Confidence vs. Arrogance

Clients expect us to know something, even the ones that think they know everything.  Caving to a client's every whim diminishes the project and probably leaves them less satisfied with the end result than if we had really been advocates for the approach that all of the experience and knowledge we have leads us to believe is best.  I recently ran across several articles whose authors must have mind melded with me:

from  Mary Breuer's article "Hire the People Your Clients Value" (who herself cites two other design professionals):
Clients can perceive a personal conviction that an individual has about his/her ability to bring value to the project and to the relationship. For reasons too complex to go into here, the design professions have tended to become insecure and somewhat timid. Art Gensler … again in The Executive Architect: “People in the profession don’t value what they provide. They’re so eager to provide something, that they don’t place an economic value on it” Jim Cramer argues for the importance of conviction in his book Design Plus Enterprise: “Clients are not looking for architects who pressure the design process with a peacock display of ego or, more troublesome, jerk around the design team. Instead, they’re in the market for professionals who know their own strengths and deliver the goods with full confidence.”
and from (of all places) the July 2010 issue of Vogue in Patrick Kinmonth's profile of garden designer Jinny Blom:
Blom says, "In the early days, when perhaps I was too eager to please, I was walking with {a client} and she said, "You know, Jinny, you must never let the client get the upper hand- it's the garden that matters.'"

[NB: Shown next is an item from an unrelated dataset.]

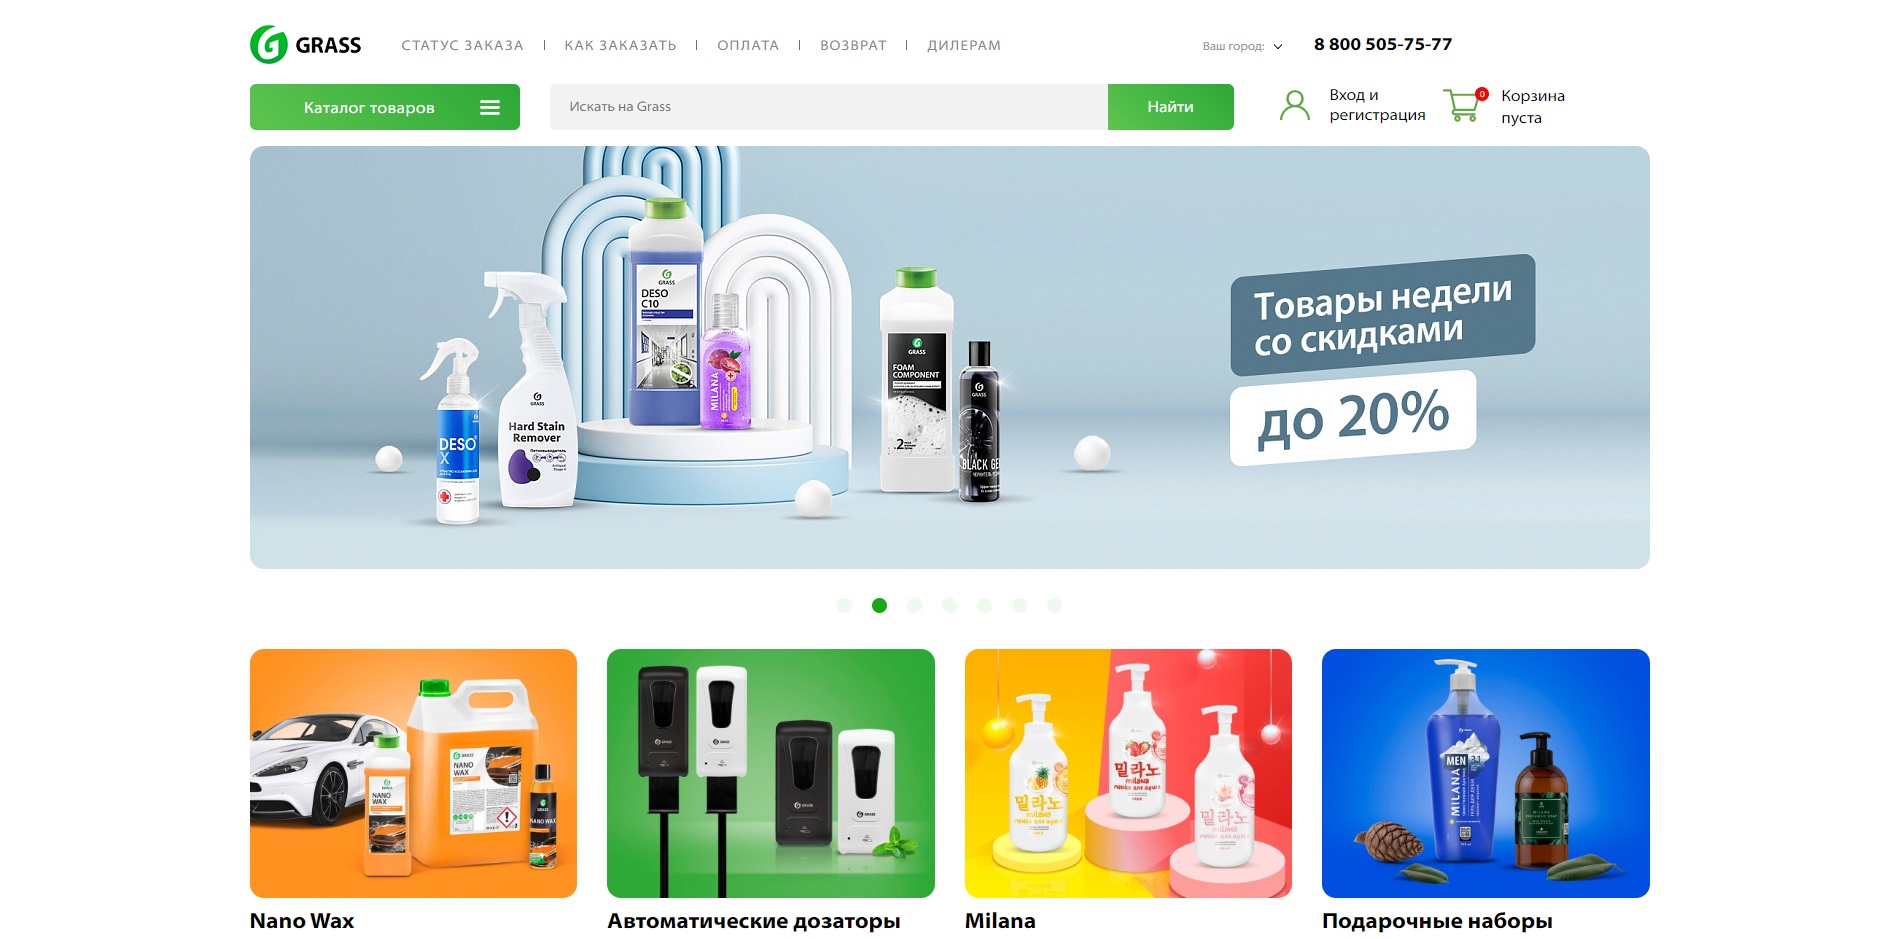 Интернет магазин GRASS - более 600 товаров бытовой химии, авто химии, клининга и автокосметики

Capture Organizational Goals in the Built Environment

Design's role in the healing process is complicated.  Simply having talented and experienced practitioners execute floor plans and exterior forms based upon a program will produce a beautiful building, but not yield the intended result.  Instead, there must be an internal commitment to providing patient centered care. 
1.       Hospitals must cultivate a culture that values patient centered design. 
2.       Hospitals must commit themselves and their staff to the design process so that it can be fully communicated to and studied by the design professionals. A true dialogue must be established for the intent to be realized in the built environment. 
3.       The care model must look at design from the point of view of patients, family and staff.
4.       Design features that will specifically enhance the care of patients must be identified and a commitment must be made to keep them as part of the project.

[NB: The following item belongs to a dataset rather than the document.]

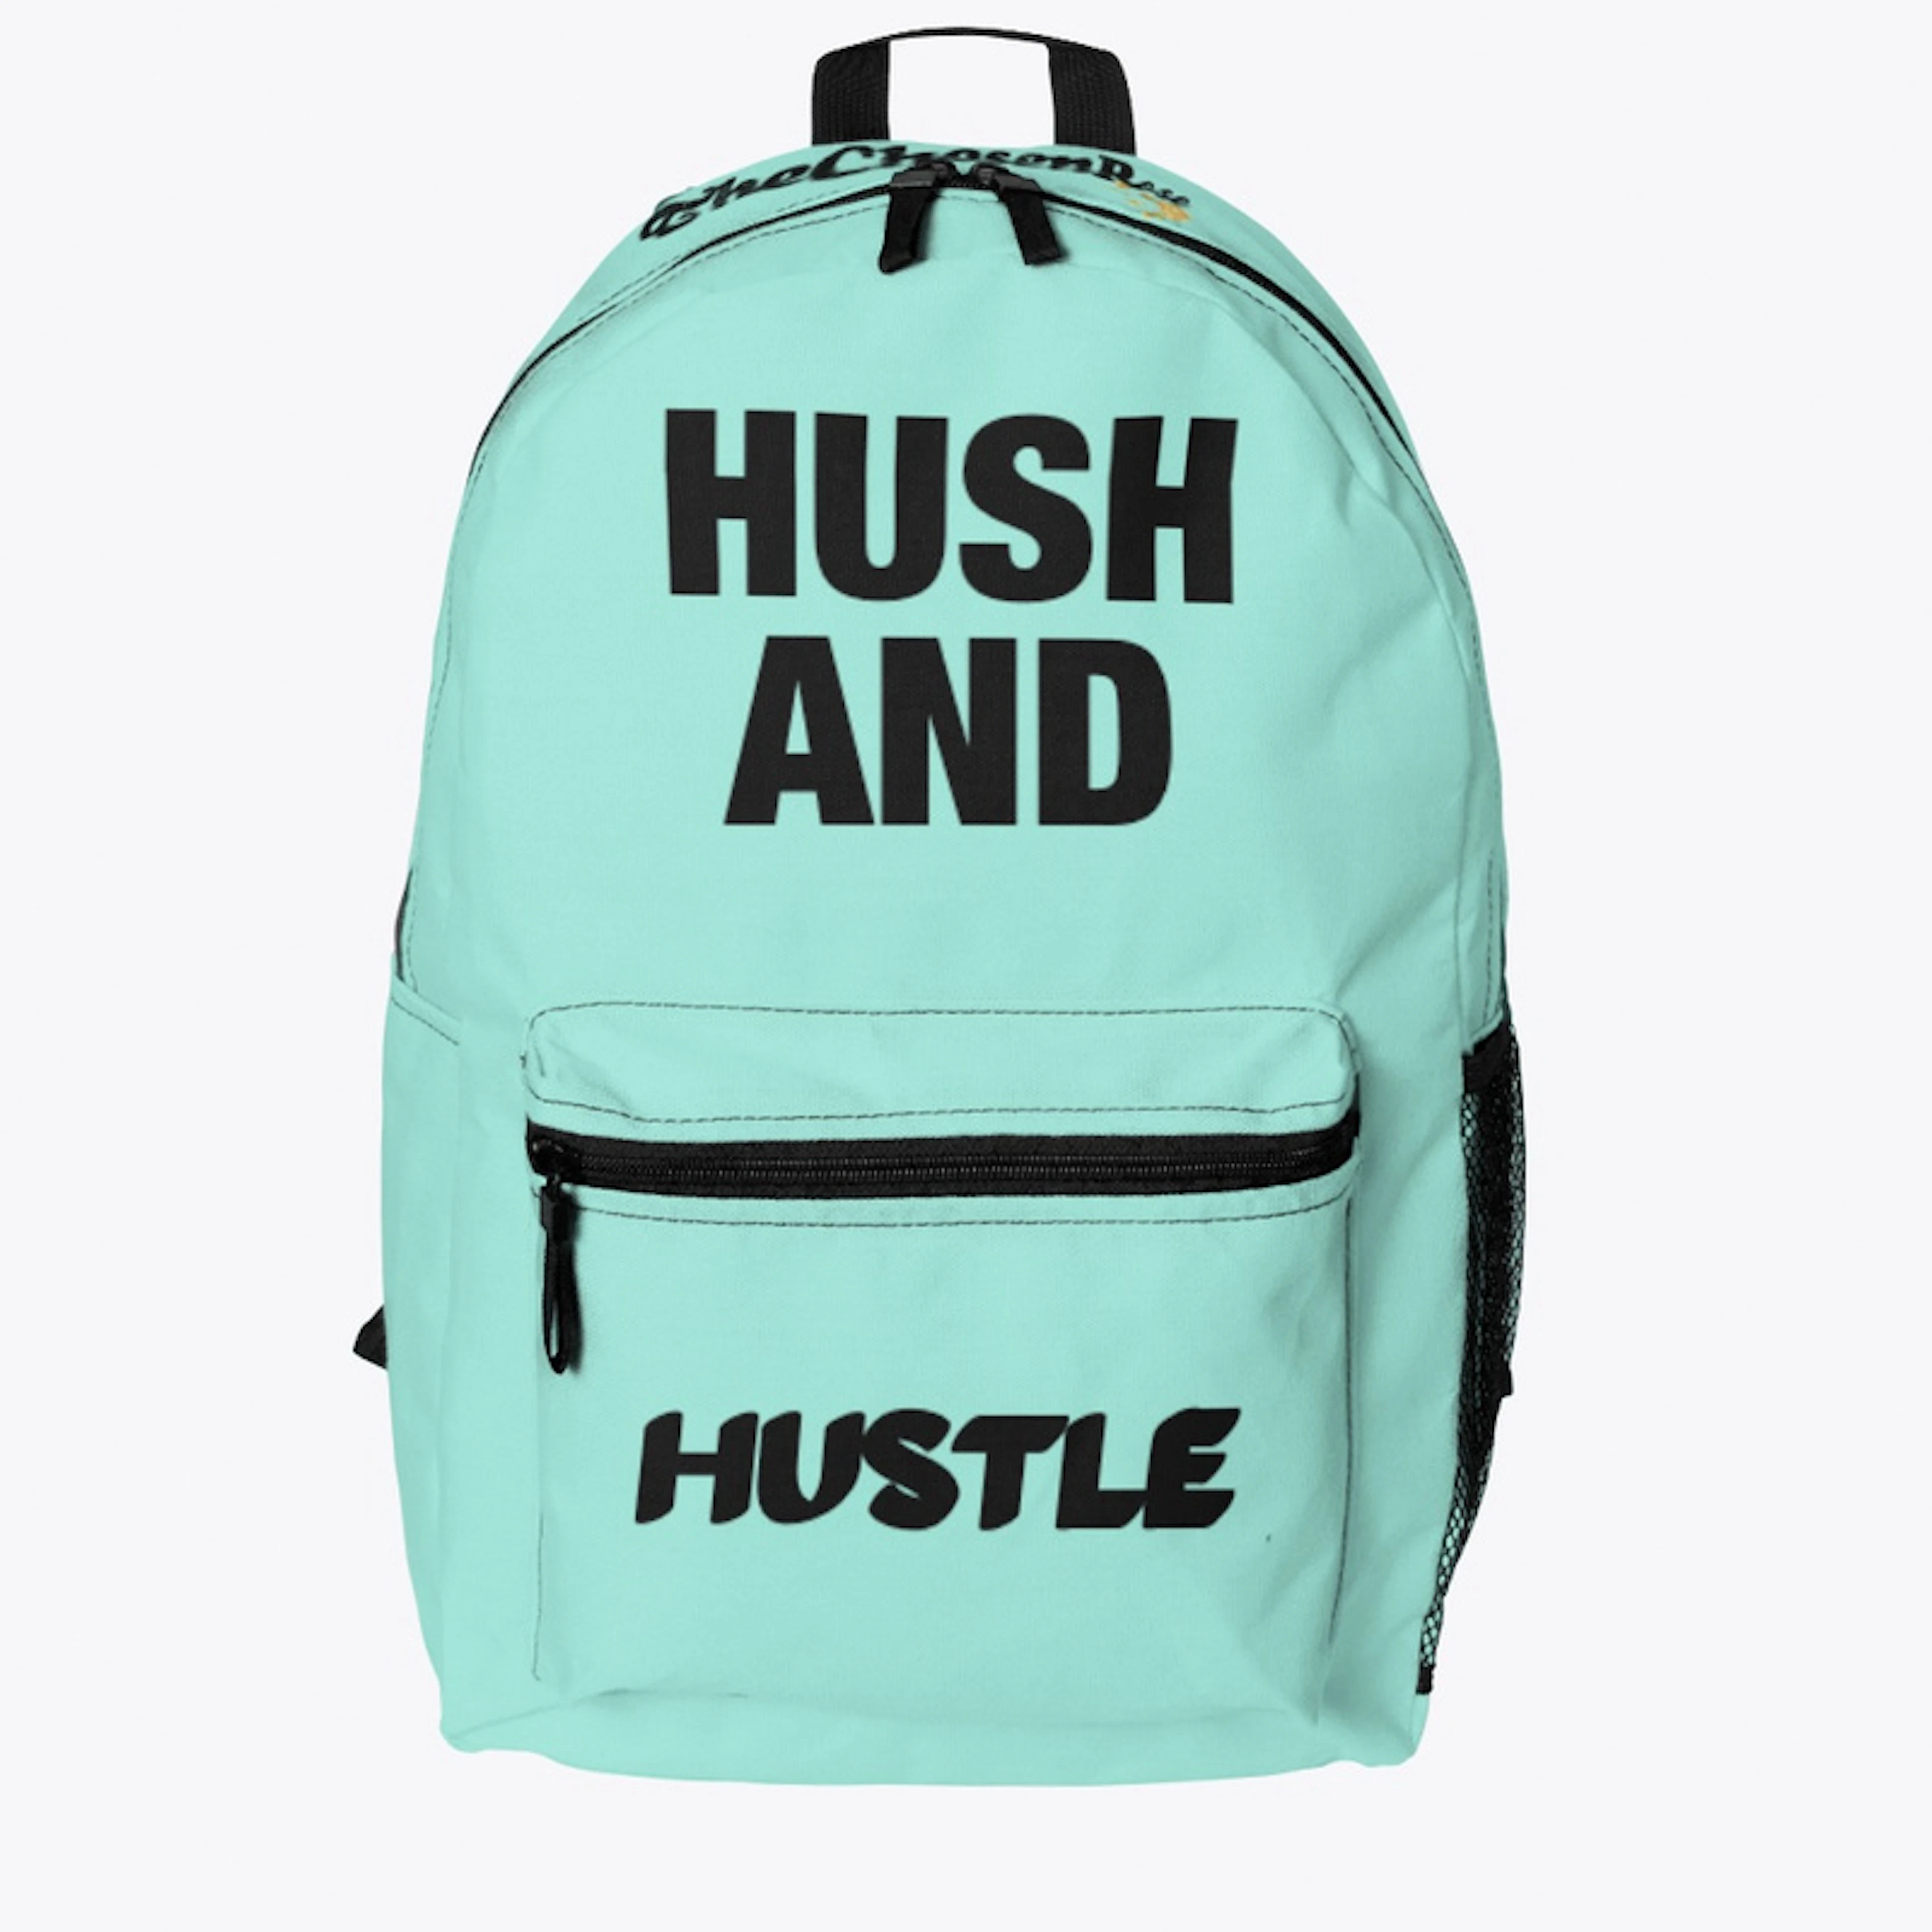 HUSH AND HUSTLE

Don't settle for good when you can be great

I think that so much of the time design professionals have trouble taking charge of their work and therefore their projects.  This results in an atrophying of our own professional vision, and can make the design goals of our projects so muddied that we cannot recognize them halfway through the process.   If you work for a firm, you may find your ability to lead blunted by the agenda of its owners- that may accomplish other tangential company goals, but cause an individual project to suffer.  I just read a great article by James P. Cramer published in DesignIntelligence update http://www.di.net/articles/archive/the_seven_characteristics_leaders/  that I think really deals well with how to motivate yourself and your project team, including owners and consultants to be visionary and accomplish great things.

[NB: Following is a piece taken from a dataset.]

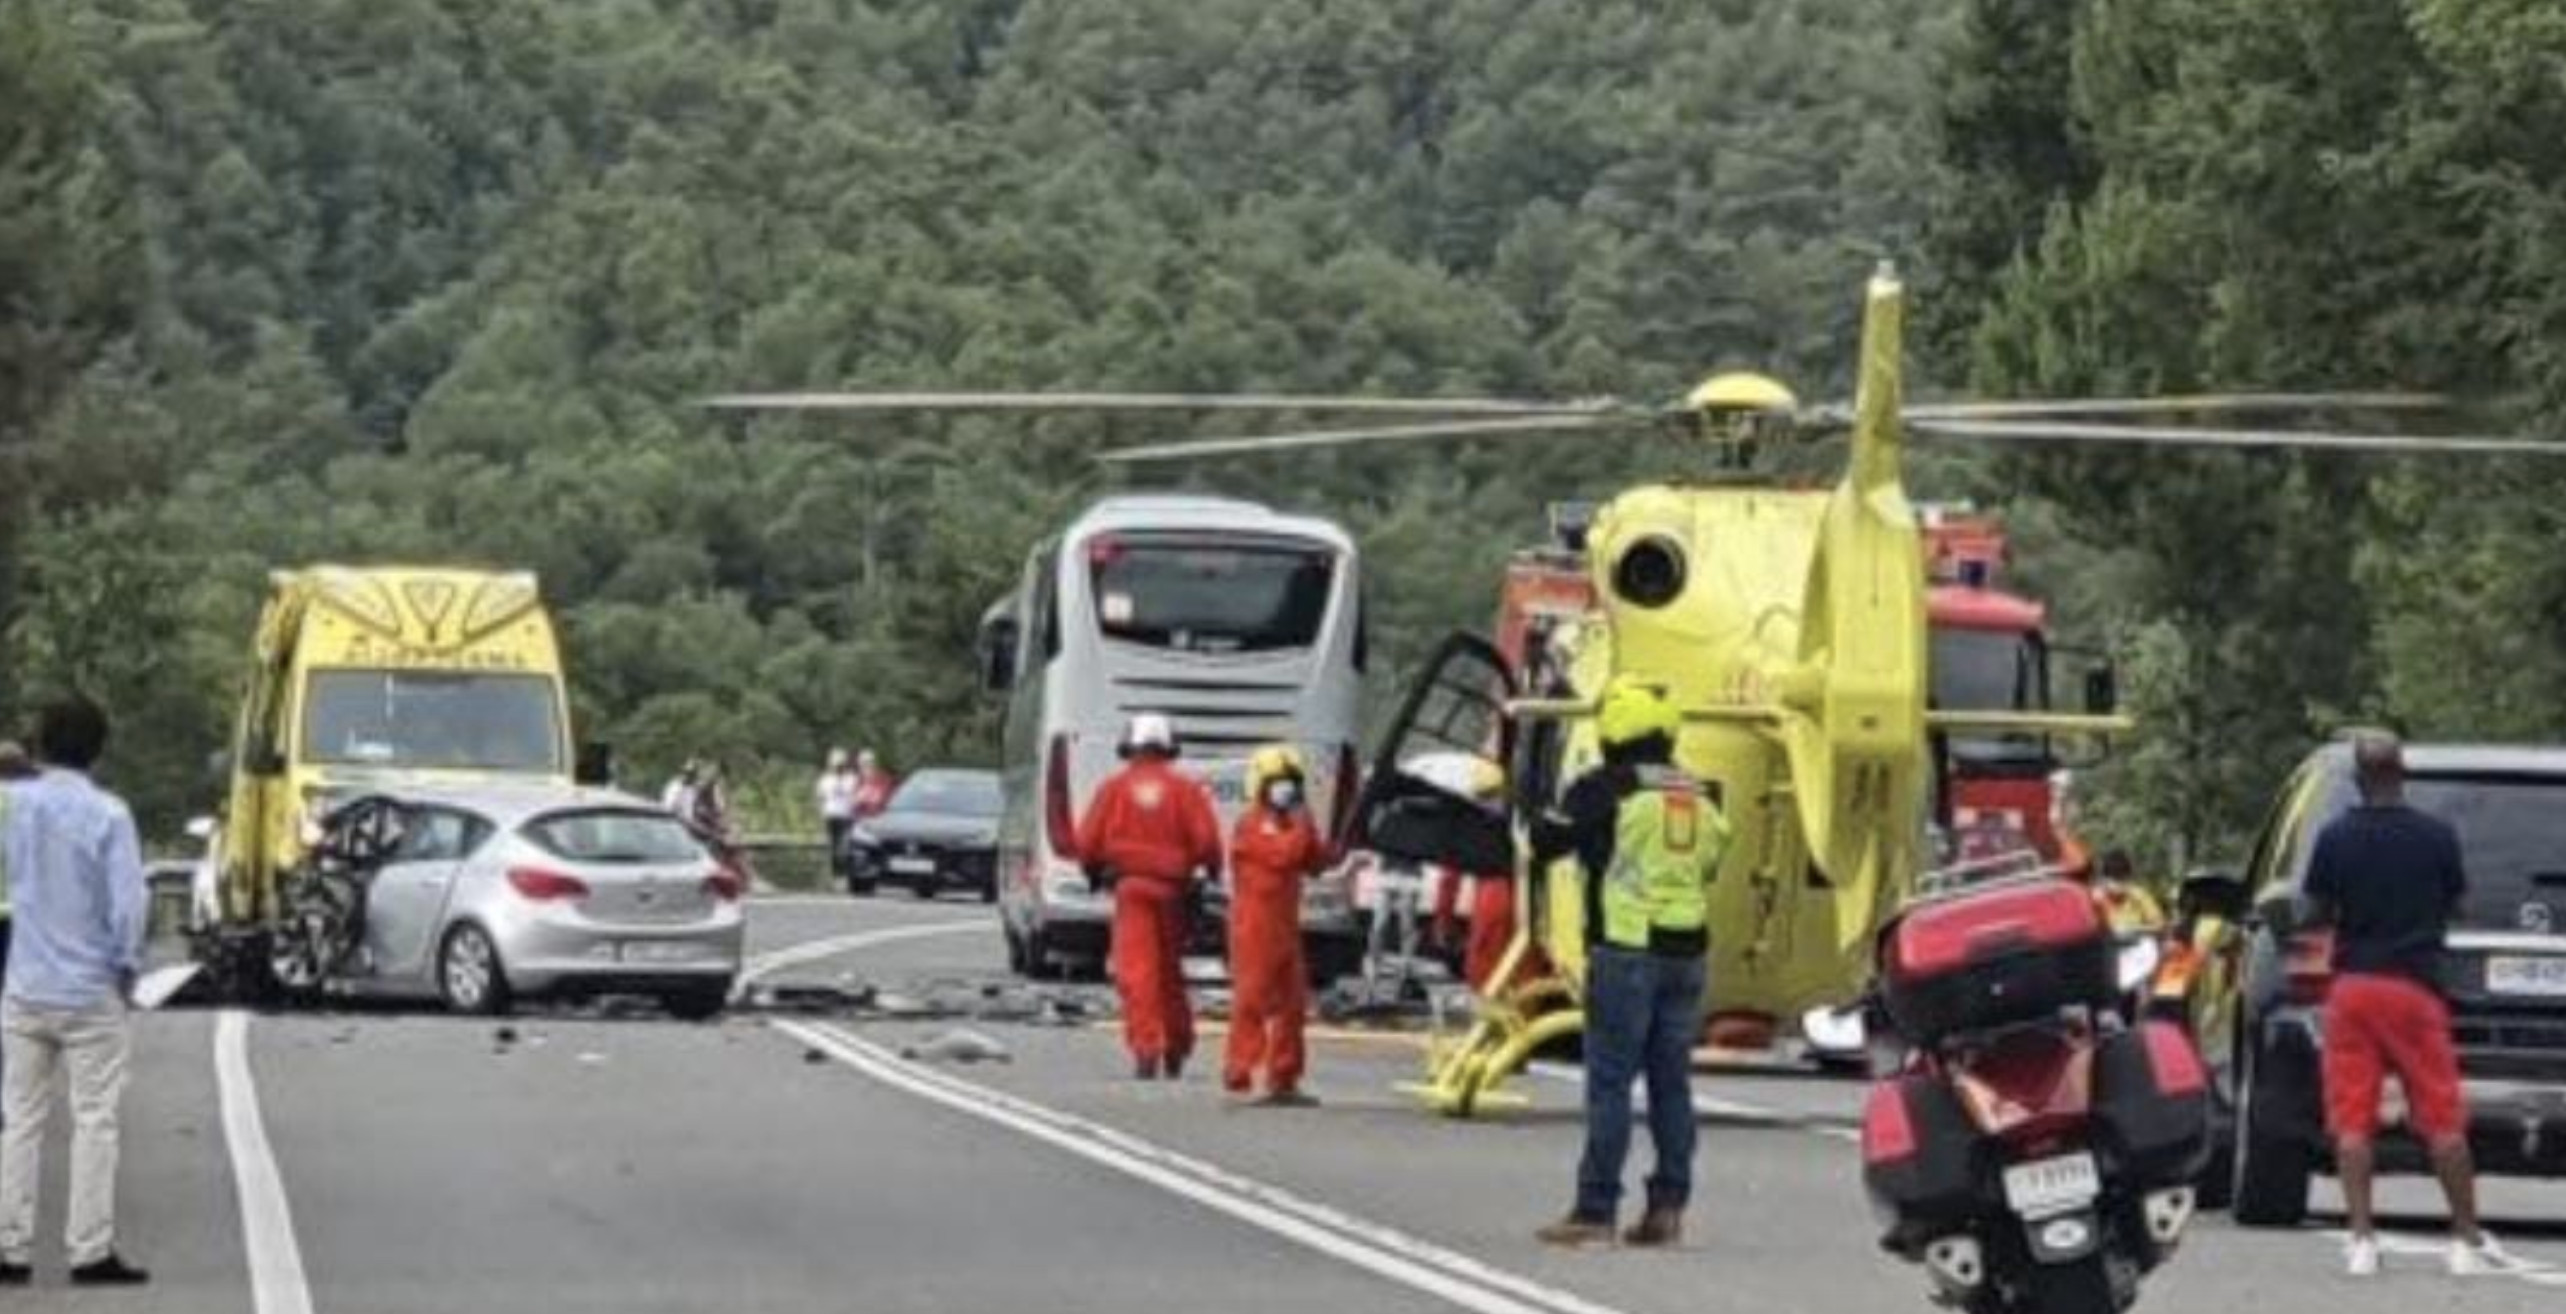 Servicios de emergencias tras el accidente mútiple en Bassella, Lleida / ANTIRADAR CATALUNYA

Are you being sabotaged by your talents?

An interesting employee assessment tool I read about called the Hogan Development Survey http://www.hoganassessments.com/assessments-hogan-development-survey provided some insight into how sometimes we can be our own wost enemies when we think that we are actually exhibiting leadership, creative thinking, and being a good team player.  What is ironic is the number of times employers or even clients actually encourage or expect us to embody one or more of these traits, then turn it around and criticize the trait's negative aspects.  Here is a list of what Hogan identifies as derailers, or the dark side of being both creative and corporate:

  1. Excitable: moody, easily annoyed, hard to please, and emotionally volatile
  2.  Skeptical: distrustful, cynical, sensitive to criticism, and focused on the negative
  3. Cautious: unassertive, resistant to change, risk-averse, and slow to make decisions
  4. Reserved: aloof, indifferent to the feelings of others, and uncommunicative
  5. Leisurely: overtly cooperative, but privately irritable, stubborn, and uncooperative
  6. Bold: overly self-confident, arrogant, with inflated feelings of self-worth
  7. Mischievous ( I would call this "willing to challenge status quo", something we are often called upon as archietcts to do): charming, risk-taking, limit-testing and excitement-seeking
  8. Colorful: dramatic, attention-seeking, interruptive, and poor listening skills
  9. Imaginative: creative, but thinking and acting in unusual or eccentric ways
  10. Diligent: meticulous, precise, hard to please, and tends to micromanage
  11. Dutiful: eager to please and reluctant to act independently or against popular opinion

Buildings go boing!

Architecture is motion.  No building is static.  Buildings breathe, absorb and reflect light, materials patina over  time, people adapt space to their needs.  It’s kinetic.  Designing is not unlike illustrating a comic book.